News & Notes

I haven’t posted since last week. I’m sorry. I’ll tell you what: full refund!

Let’s see what’s happened since then…

Democratic Polling: How Hillary Got Her Groove Back

Since the debate, we’ve had four national Democratic polls (CNN/ORC, Monmouth, ABC/Washington Post, and NBC/Wall Street Journal). What has changed? Below are the candidates’ Real Clear Politics averages before the debate (logged in my debate preview post) and the average of the four polls after the debate.

Here comes Lessig!
Here comes Lessig!

As expected, Clinton was the greatest beneficiary, and Biden the biggest casualty, of last week’s debate. (To be fair, I also expect O’Malley to come up a few points, too, but I guess Democrats didn’t see what I saw.) Clinton is now looking stronger than she has in months. The three most recent of the polls show her at 54, 49, and 48 points. She hadn’t hit as high as any one of those numbers since August. To find three straight polls that strong for her, we have to go back even further to a late July into August stretch. Similarly, the same can be said for her lead over Bernie Sanders. The ABC and Monmouth polls had her at leads of 31 and 27 points. We have to go back to that same period to find the last time her lead was so large. There is no graphic I can show that better encapsulates her righting of the U.S.S. Clinton than this one from the Huffington Post. Every dot is a poll, and the line is the average of the latest polls.

Untitled

It’s safe to say that Clinton’s course has been corrected. Her favorabilty rating among Democrats look great as well — she has favorables in the high 70s with unfavorables in the teens.

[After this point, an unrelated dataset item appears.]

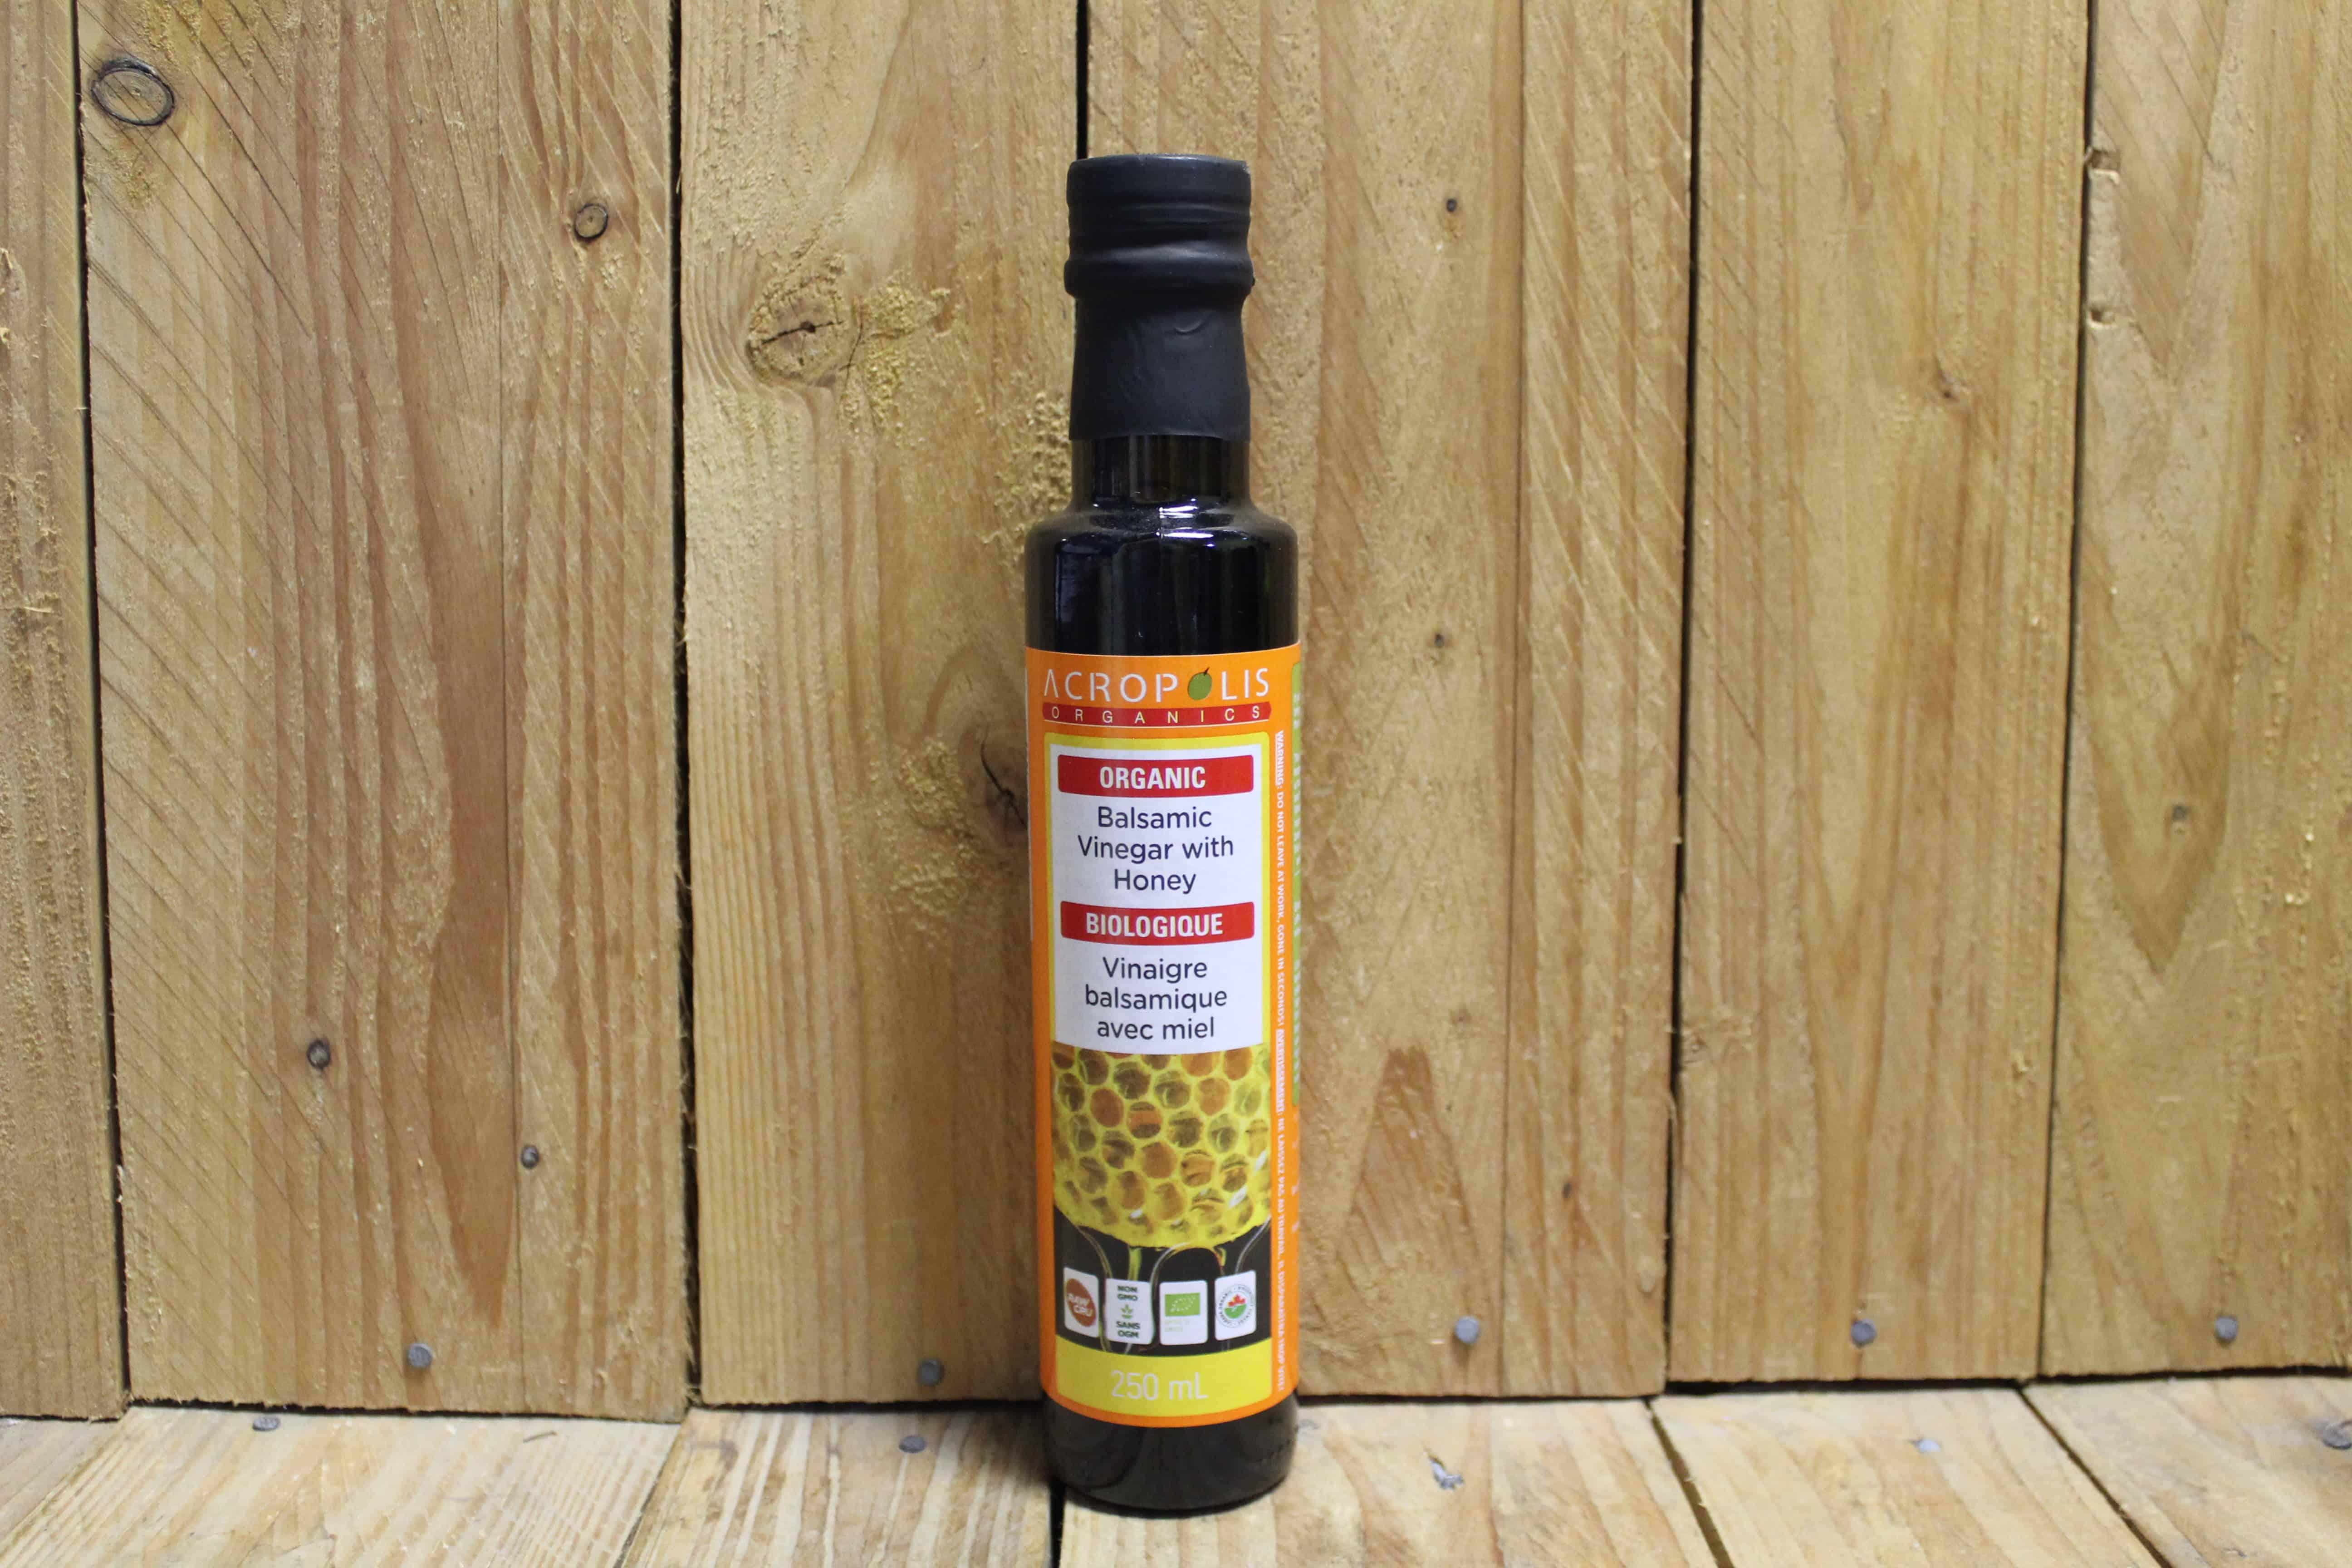 Acropolis – Organic Balsamic Vinegar with Honey (250ml)

As for the other candidates, the debate did nothing for them. Even Webb’s disaster got some of the dying breed that is the conservative Democrat on board. Speaking of Webb and dying…

Jim Webb — Independent?: A Lesson in How to Be Creative about Your Irrelevance

He has a press conference today where some suspect he might drop out of the Democratic Primary race and run as an Independent. It’ll be tough to be less relevant than he was as a Democratic candidate, but here goes nothing. I suppose it’s worth a shot.  That debate showed he was the Rand Paul of the Democratic Party — sure, he might connect with the party really well on a few issues, but, by and large, his ideology is incompatible with the party’s electorate. He can’t win the Democratic nomination. A major reason he can’t is that the latest news says that his only avenue to do it — winning over the white working class man — is about to be blocked by this guy…

The Biden Watch: The Last, Best Hope for a Competitive Democratic Primary

Oh. he’s definitely in now, right? No? Oh, okay, we’ll keep waiting. I still think he was best off entering a week ago, before Hillary Clinton reasserted herself and gobbled up some undecideds. As we saw with the polls, Biden’s indecision has seemed to cost him a couple points.  Still, it’s not too late. Sources say he’ll be jumping in any day now, but they’ve been saying that for a while. Considering Clinton’s solidification of her massive lead, we really need him to keep this race interesting.

His best argument is probably that he’s sporting the best head-to-head general election match-ups against leading Republican contenders. Clinton struggles against Carson, Bush, and Fiorina; she even lost a poll to Trump by five points. Sanders is spotty against each. Biden, however, wins nearly every poll against all of them.

Speaking of all of them…

Republican Polls: Somehow This Got Boring

Since the IDB/Tipp poll that showed Ben Carson in the lead after the second debate, Donald Trump has been on top in five straight. Carson is then in second place in all of them. Then it’s Rubio, Bush, and Cruz in some order to round out the top five. In these five polls, Carly Fiorina has placed sixth. We then have a four-way melee for seventh through tenth between Huckabee, Paul, Kasich, and Christie.  Santorum and Jindal duke it out for 11th. Graham and Pataki fight for one-point scraps and 13th place. Jim Gilmore, in last, sometimes leaves his house.